If there is a way to do it by starting with an IDL file that would be best as we already have IDL files that describe the structures.
Cheers in advance!
I stumbled here, having a very similar question. 6 years later, this might not be useful to you, but hopefully it will be to others.
There are a lot of alternatives, unfortunately with no clear winner (although one could argue that JSON is the clear winner). Even Google has released multiple competing technologies (all of them apparently being used internally):
FlatBuffers: this one seems to meet the requirements from the original question, has interesting benchmarks and supports some form of IDL (I'm personally not familiar with IDL)
Protocol Buffers: mentioned previously.
XFJSON: 5%-12% smaller than JSON.
Not to forget the alternatives posted in the other answers. Here are a few more:
YAML: JSON minus all the double quotes, but using indentation instead. It's more human readable, but probably less efficient, especially as it gets larger.
BSON (Binary JSON)
MessagePack (Another compacted JSON)
With so many variations, JSON is clearly the winner in terms of simplicity/convenience and cross-platform access. It has gained even more popularity in the last couple years, with the rise of JavaScript. A lot of people probably use that as a de-facto solution, without giving it much thought (that's what I originally did :P).

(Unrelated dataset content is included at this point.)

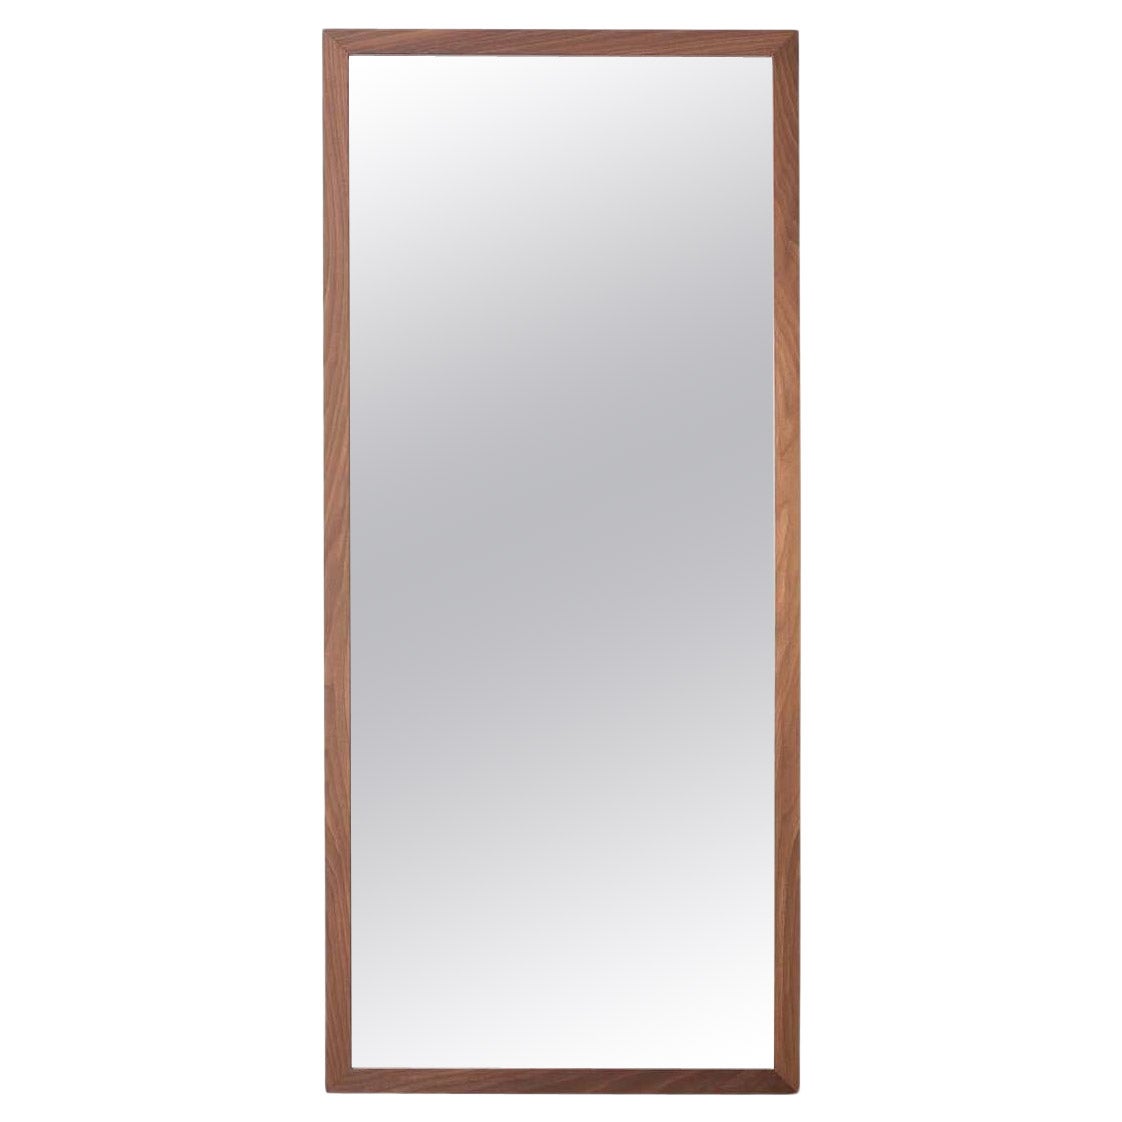 Specchio Rettangolare 2018, miroir rectangulaire 2018 en vente

However, if size becomes an issue, but you prefer to keep things simple and not use one of the more advanced libraries, you could just compress JSON using zlib (that's what I'm doing now), or some other cross-platform algorithm (but that's a whole other topic).

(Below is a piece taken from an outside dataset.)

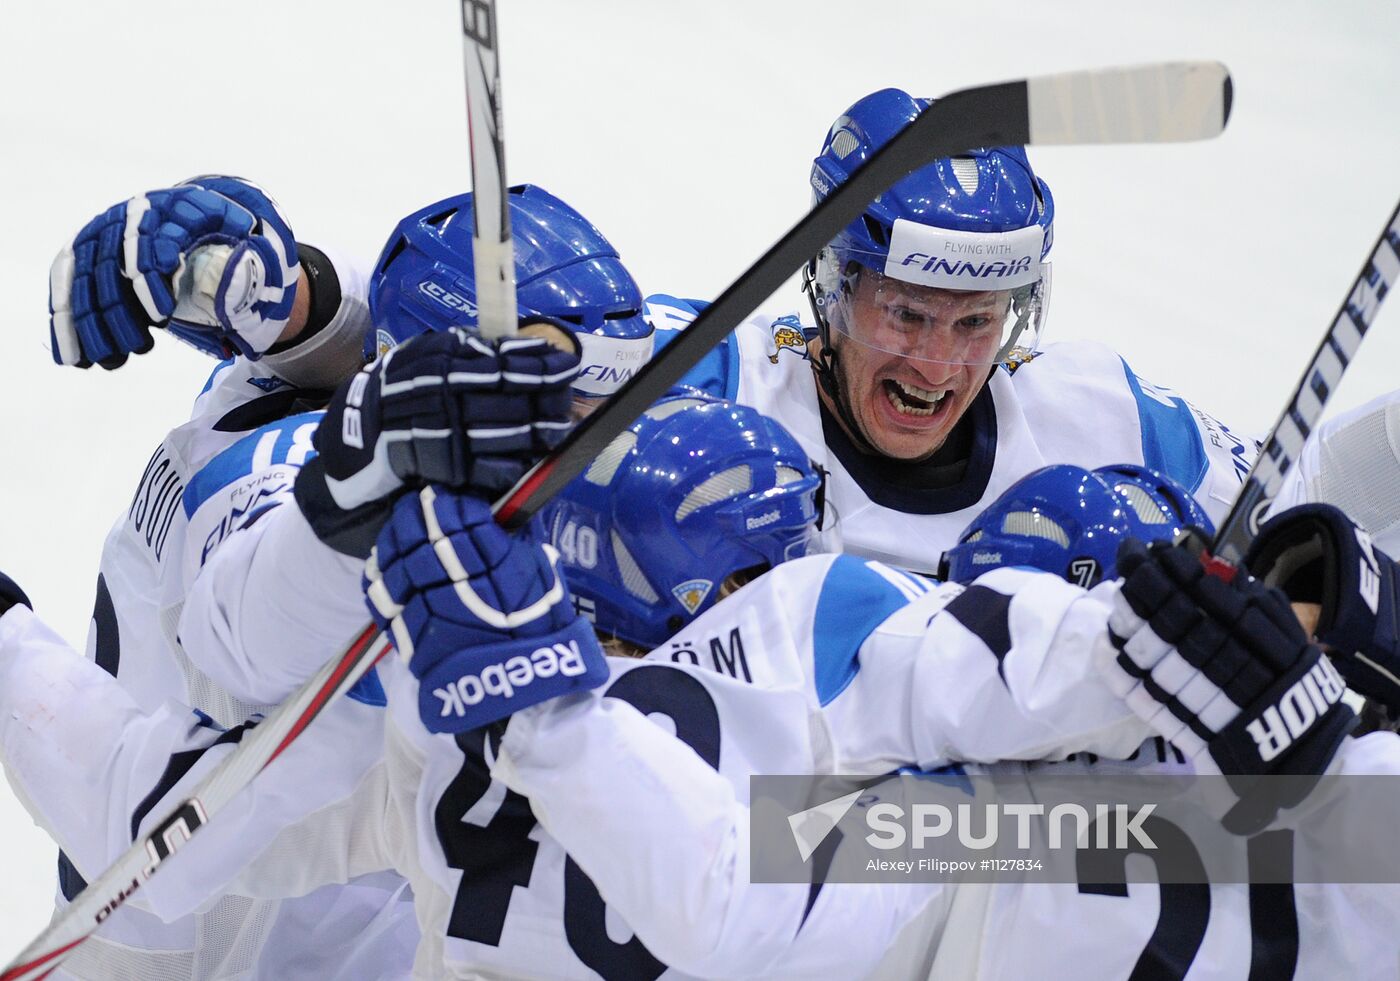 2012 World Ice Hockey Championships. Finland vs. Russia

To speed up JSON handling in C++, you could also use RapidJSON.
I'm surprised Jon Skeet hasn't already pounced on this one :-)
Protocol Buffers is pretty much designed for this sort of scenario -- passing structured data cross-language.

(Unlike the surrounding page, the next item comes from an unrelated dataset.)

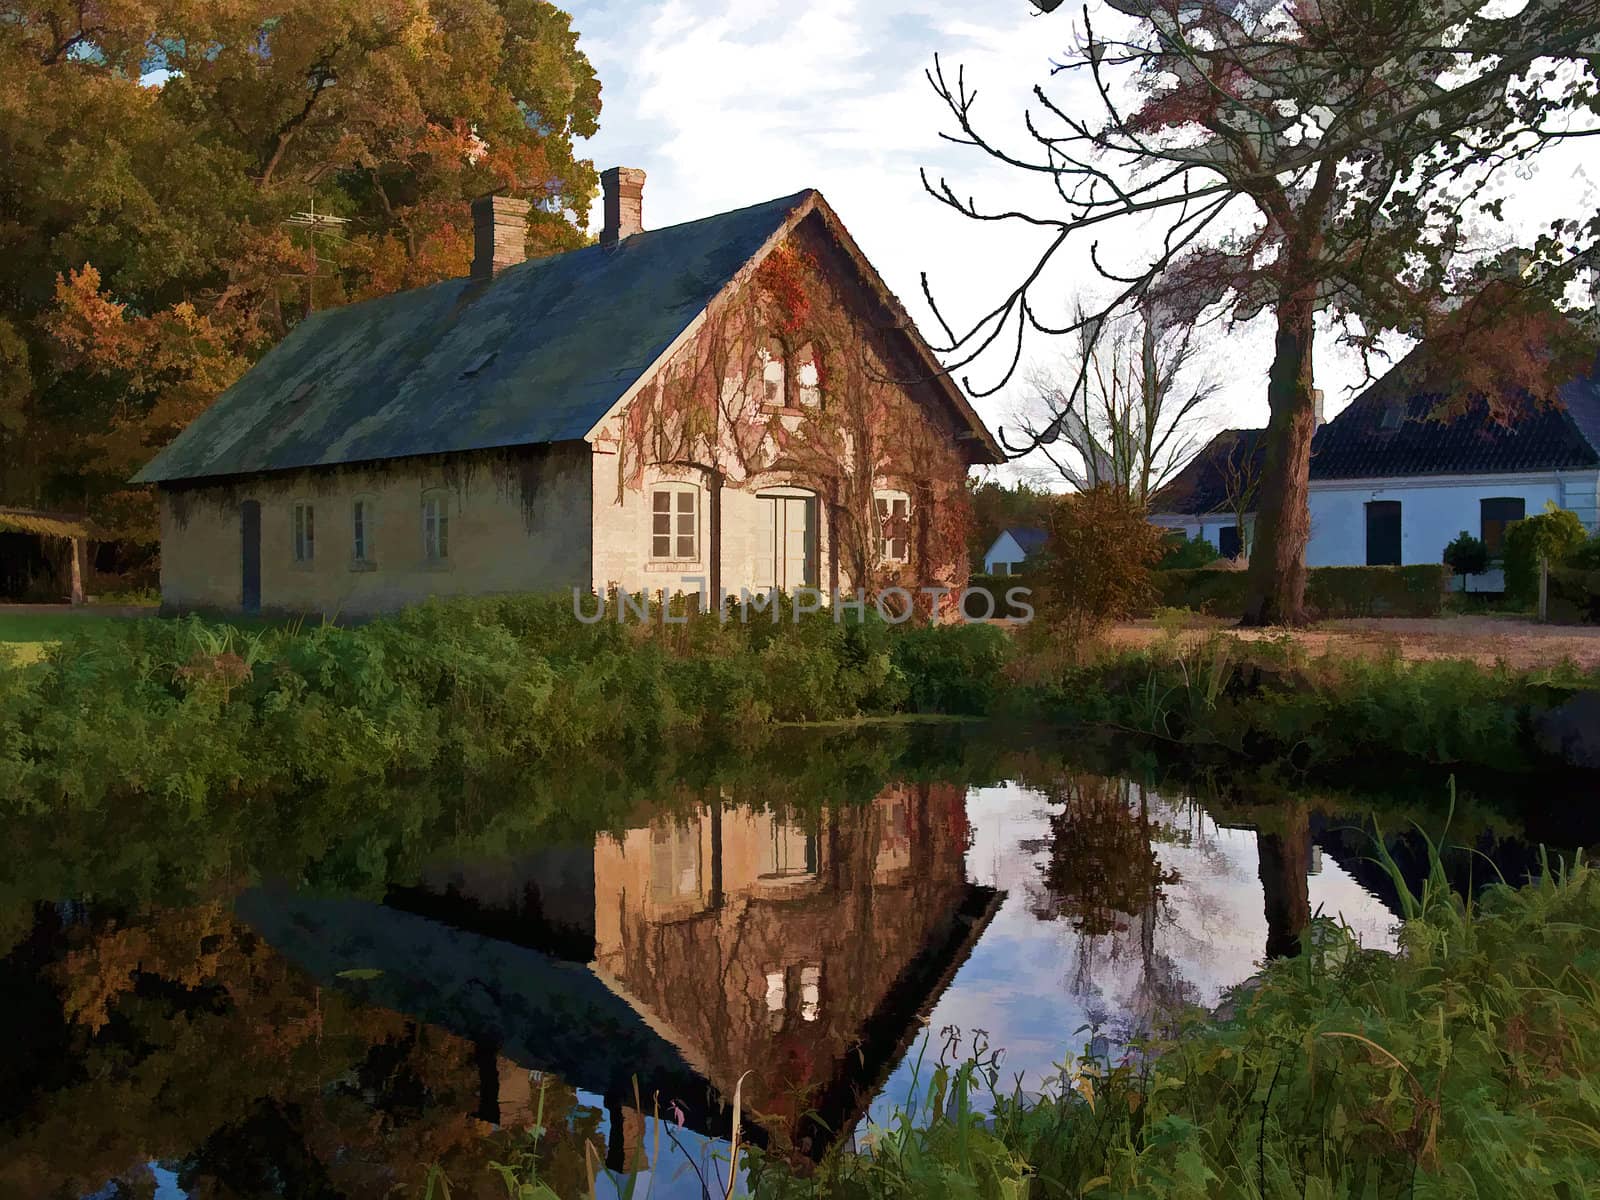 Beautiful countryside house reflected in a lake Denmark digital art manipulation

That said, if you're using a database the way you suggest, you really shouldn't be using a full-strength RDBMS like Oracle or SQL Server but rather a lightweight key-value store such as Berkeley DB or one of the many "cloud table" engines.
If I want to go really really cross language, I normally would suggest JSON, as the ease of javascript support and an abundance of libraries, as well as being human readable and modifiable (I prefer it to XML as I find it smaller in terms of chars, faster, and more readable). It's not the most efficient in terms of space, however, and a more machine readable format like protocol buffers or thrift would have advantages there (thrift can be made from an IDL, but it is also made for encoding services, so it could be heavier than you want).
You need ASN.1! (Some people refer to this as binary XML.) ASN.1 is very compact and thus ideal to transfer data between two systems. And for those who don't think this is ever used: several Internet protocols are based upon the ASN.1 model for data serialization!
Unfortunately, there aren't many libraries available for Java or C++ that will support ASN.1. I had to work with it several years ago and just couldn't find a good, free or inexpensive tool to allow support for ASN.1 in C++. At Objective Systems they are selling ASN.1/XML solutions but it's extremely expensive. (The ASN.1 compiler for C++ and Java, that is!) It costs you an arm and a leg at least! (But then you will have a tool that you can use with only one hand...)
I'd suggest saving the data with SQLite database. The structs can be stored as database rows in SQLite tables.
The resulting database file is binary compatible across many different platforms and can be stored as a BLOB in your main database. I believe the file size is comparable to compressed XML file with the same data, but memory usage during processing will be significantly less than XML DOM.
Why haven't you chosen XML, as this perfectly suits your demand. Both C++ and Java allow for an easy implementation.
Furthermore, I doubt your idea of storing everything as a blob in the database, use a relational database what a database has been designed for, or switch to some object oriented database like http://www.versant.com/en_US/products/objectdatabase which supports both Java and C++.
There is also Avro. Look this question for comparison of Apache thrift, protocol buffers, mes and so on.